I ran 10,000 iterations and we see below that sum of squares error has dropped significantly after the first thousand or so iterations.
Thank you from the bottom of my heart for everything
I like this internet site because so much useful stuff on here : D.
Almost all of whatever you state is supprisingly appropriate and that makes me ponder the reason why I had not looked at this in this light before. This article really did turn the light on for me personally as far as this specific topic goes. Nonetheless at this time there is one issue I am not necessarily too comfy with and while I attempt to reconcile that with the actual central theme of the position, permit me see what the rest of the subscribers have to point out.Very well done.

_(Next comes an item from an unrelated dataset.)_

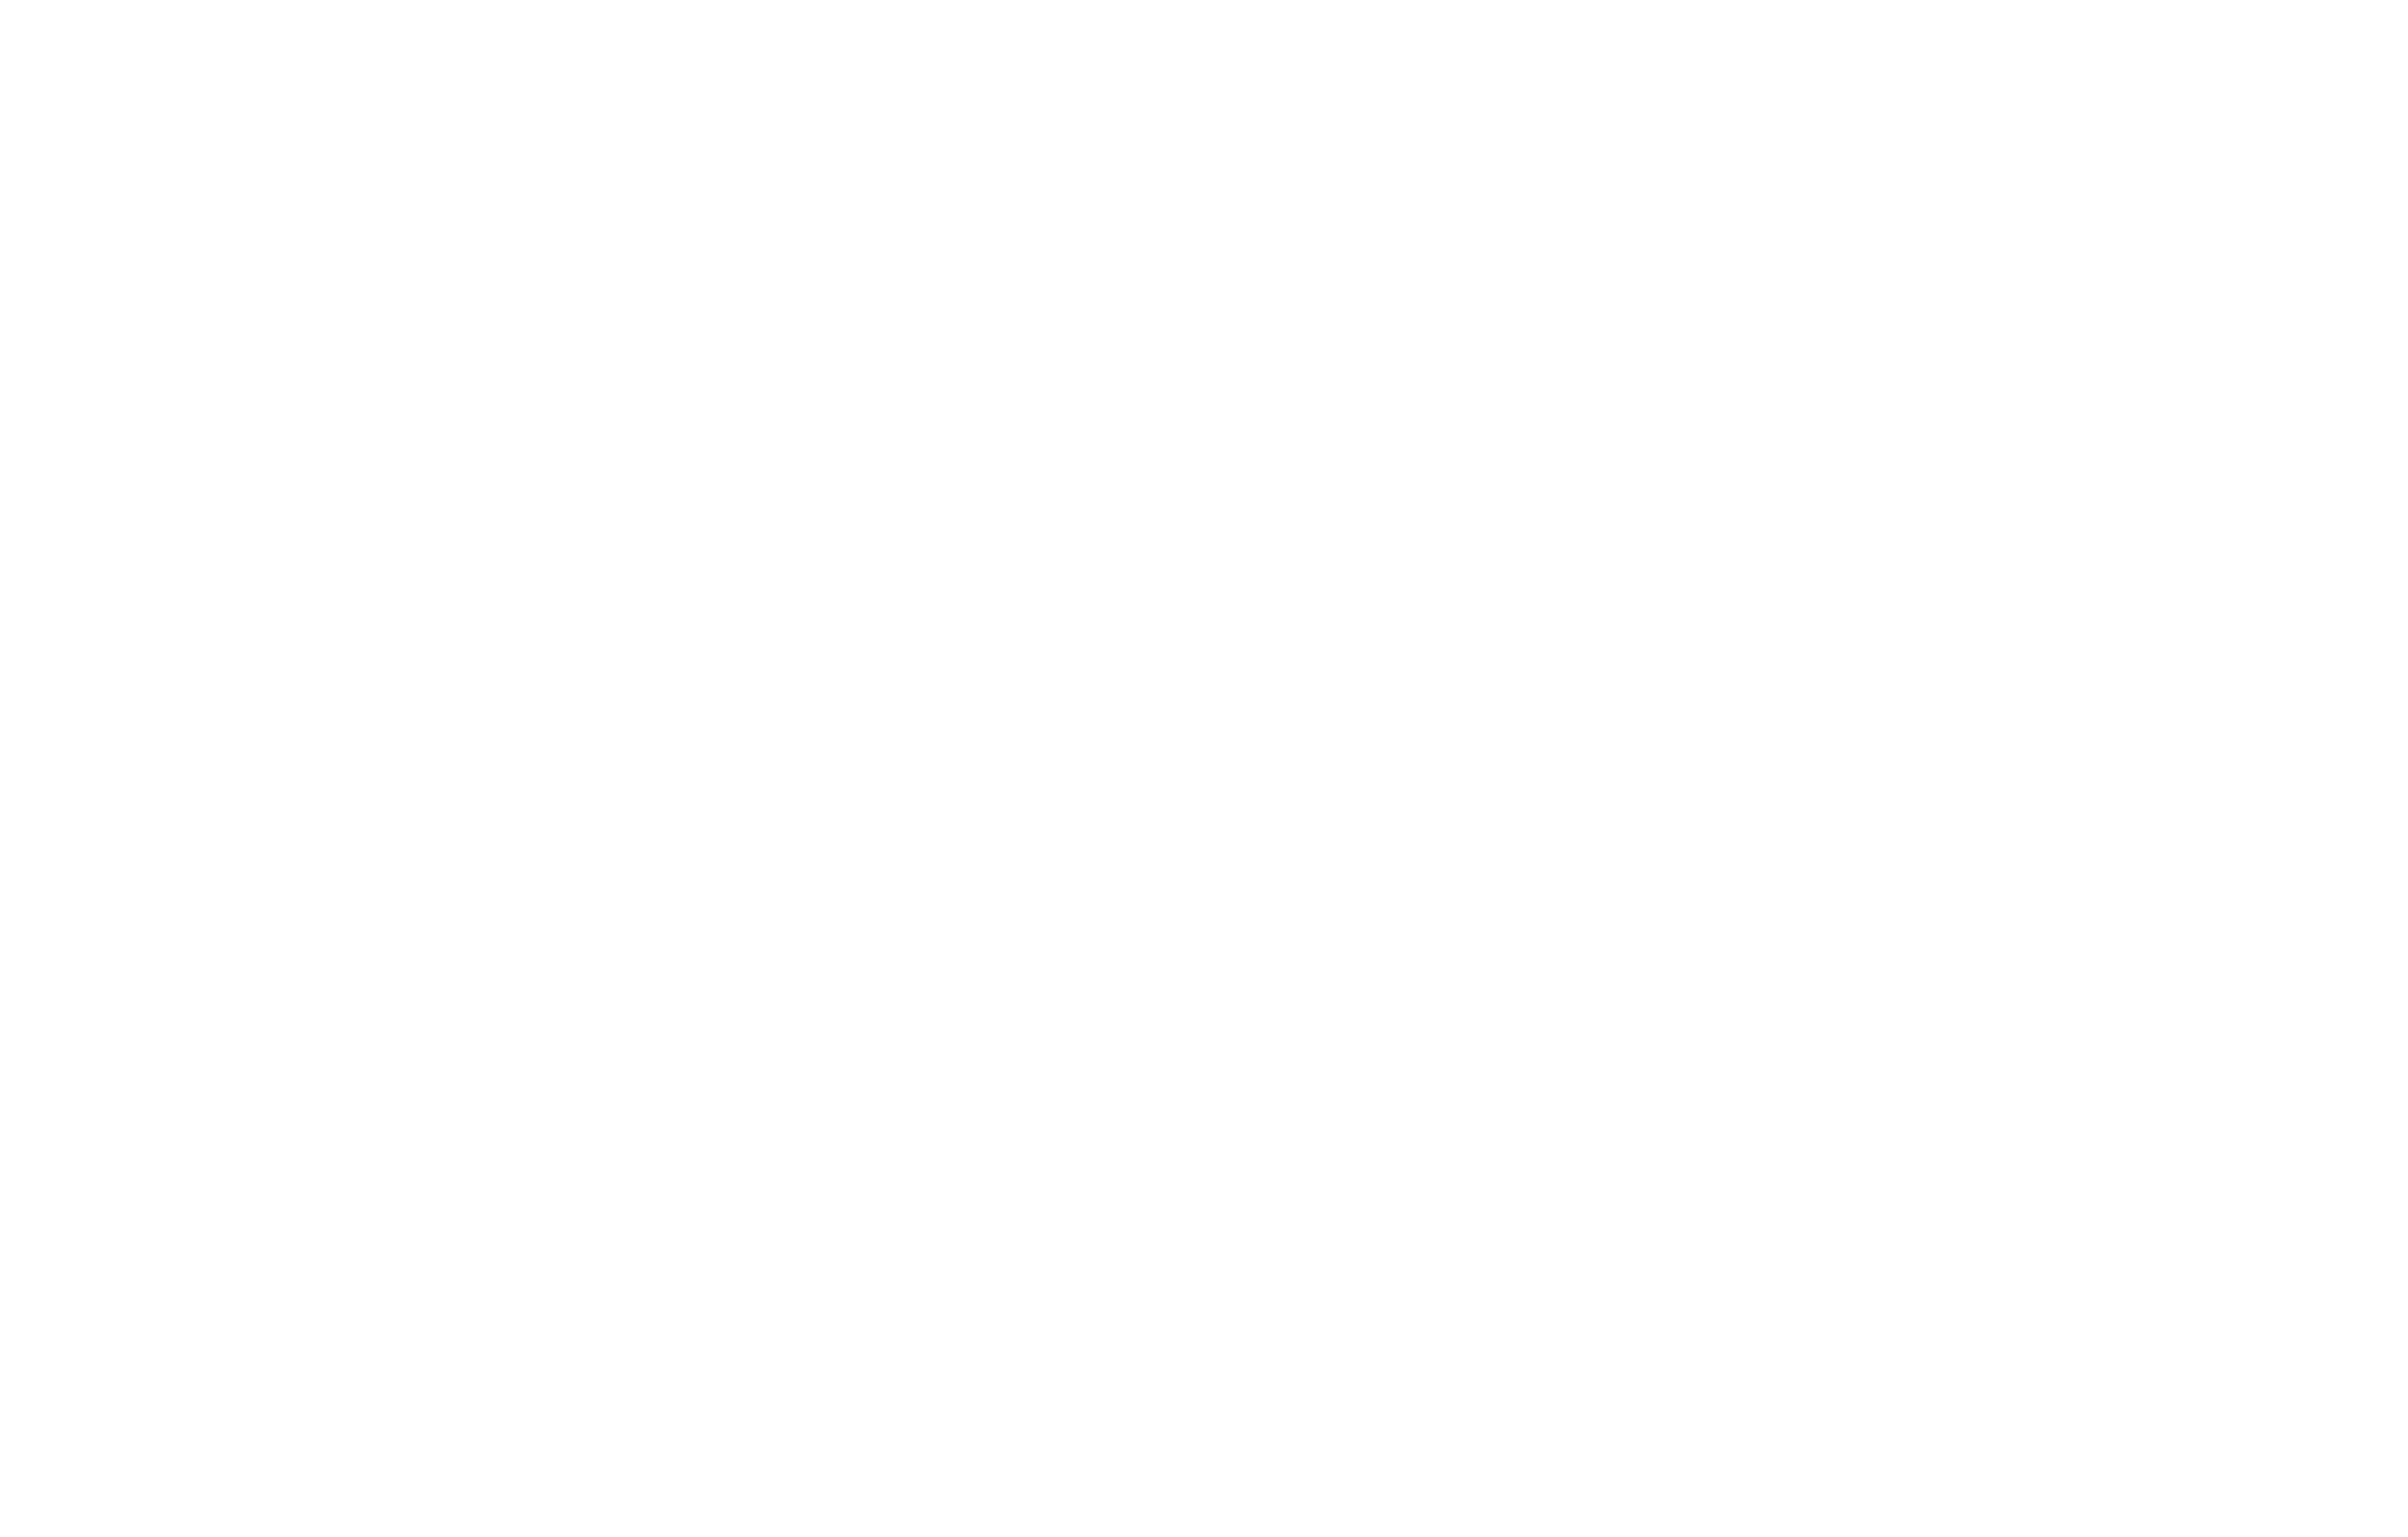 Together, here at the end

Thank you from the bottom of my heart for everything
There are no words to show my appreciation!
And also:
( 0.7896 * 0.0983 * 0.7 * 0.0132 * 1) + ( 0.7504 * 1598 * 0.1 * 0.0049 * 1);
-> 0.5882953953632 not 0.0008
My bad, forget a 0. there
In your final calculation of db1, you chain derivates from w7 and w10, not w8 and w9, why?
I really love your article. It’s obvious that you have plenty of knowledge about this topic.Your points are well made as well as relatable. Thanks for writing engaging and interesting material.
nevermind, figured it out, you meant for t2 to equal .05 not .5.
thanks for the write-up.
how are you computing dE/do2 = .7504?
you state:
dE/do2 = o2 – t2
o2 = .8004
t2 = .5
therefore:
dE/do2 = (.8004) – (.5) = .3004 (not .7504)
am i missing something?
Thanks for the post. It explained backprop perfectly.